Cela met en évidence plusieurs choses. Tout d’abord, le fait que le procureur Ocampo semblait plus préoccupé par la neutralisation du président Gbagbo, adversaire politique de monsieur Ouattara plutôt que de rendre justice aux victimes de la crise politique ivoirienne. Cela est mis en évidence par le fait qu’il ne faut pas oublier qu’en 2003, un ministre ivoirien avait demandé au Procureur d’enquêter sur les crimes intervenus lors de la tentative de coup d’Etat du 19 septembre 2002. Jamais le procureur Ocampo ne se déplacera en Côte d’Ivoire ni ne cherchera à enquêter sur les atrocités commises lors de cette tentative de putsch.

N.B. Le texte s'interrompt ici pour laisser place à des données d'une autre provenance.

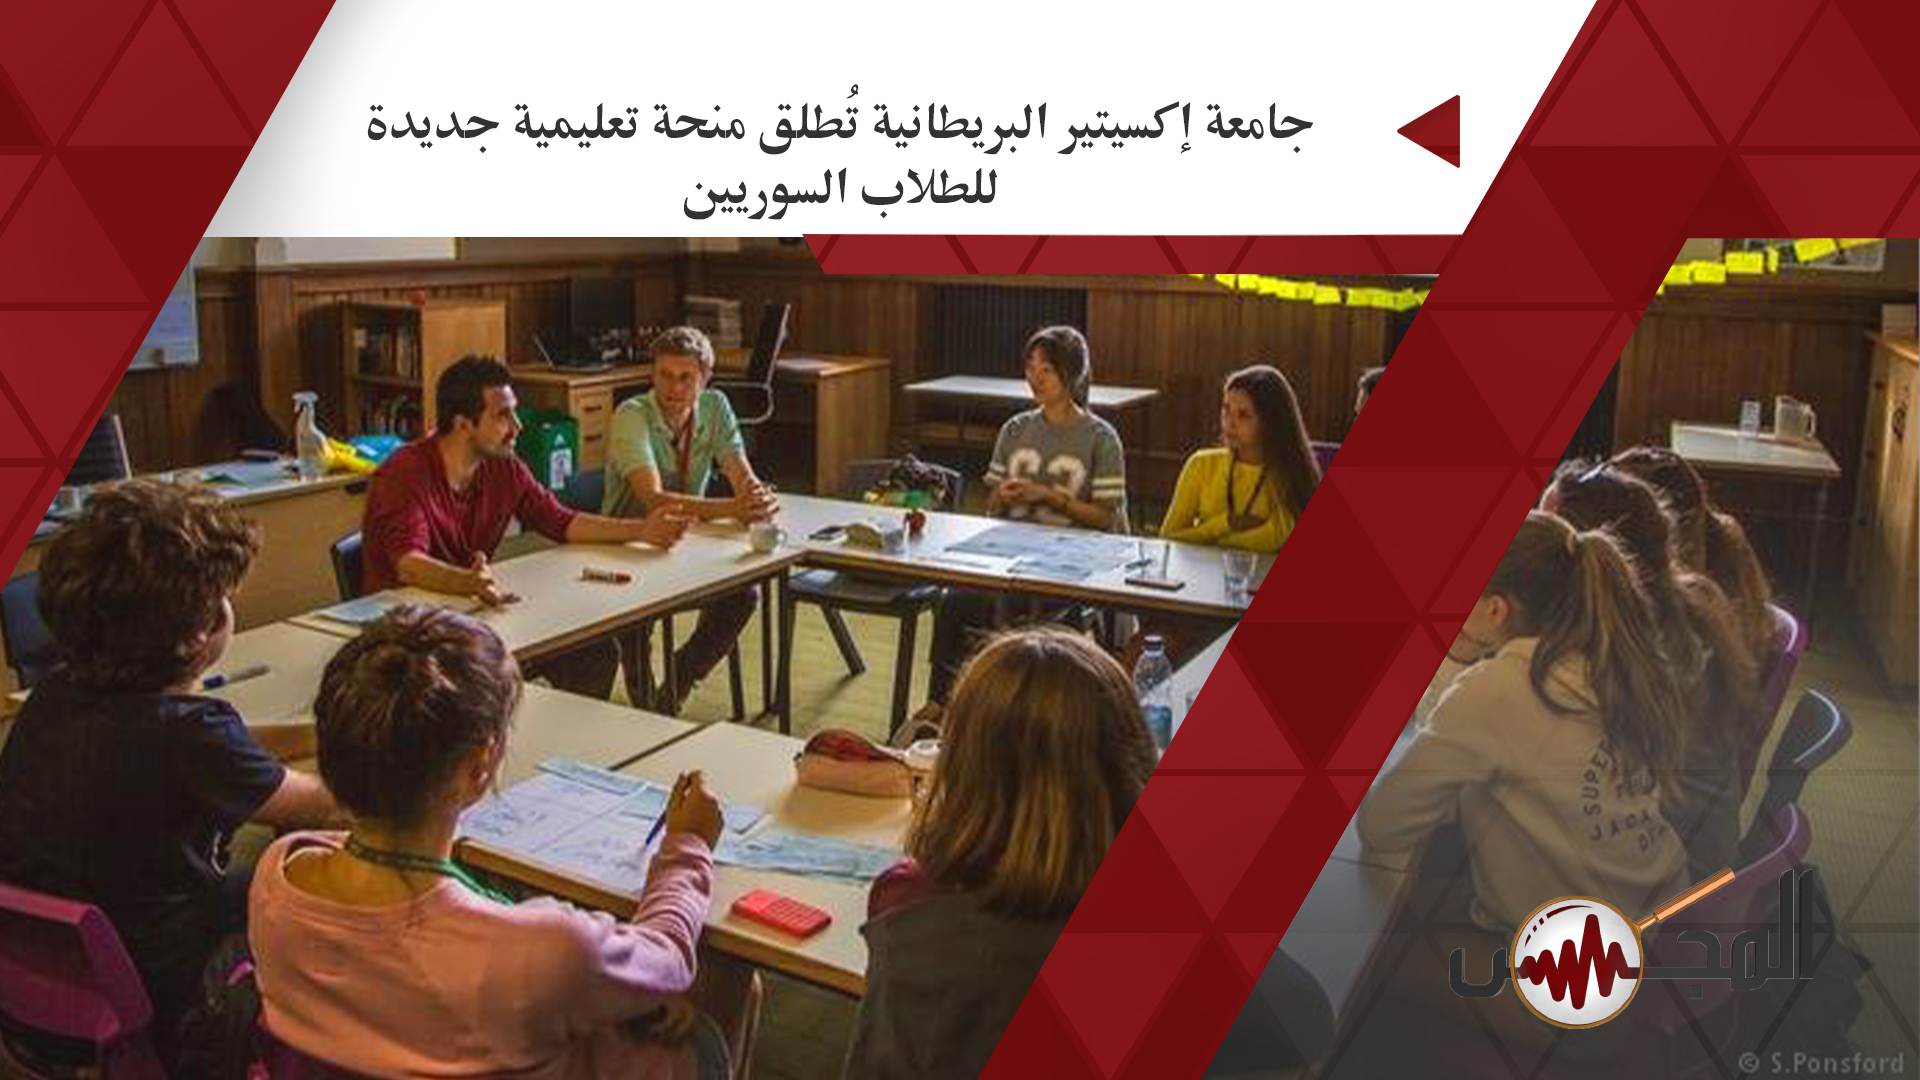 جامعة إكسيتير البريطانية تُطلق منحة تعليمية جديدة للطلاب السوريين

Et alors qu’il n’est pas saisi, qu’aucune autorisation d’enquête n’a été ordonnée par la Cour, voici que le procureur Ocampo demande, si l’on en croit Mediapart, à ce que tout soit mis en œuvre pour maintenir dans les liens de la détention le président Gbagbo jusqu’à ce qu’il trouve un moyen de faire saisir la Cour pénale internationale (CPI) sur les évènements intervenus en Côte d’Ivoire après l’élection présidentielle de 2010. Cela aboutira à une détention arbitraire du président Gbagbo pendant des mois dans des conditions inhumaines. Il fera par la suite l’objet d’un transfert express à la CPI après à peine un mois d’enquête. Enquête que la Cour trouvera d’ailleurs insuffisante. Il s’agissait manifestement de neutraliser un homme politique plutôt que de rendre justice à des victimes.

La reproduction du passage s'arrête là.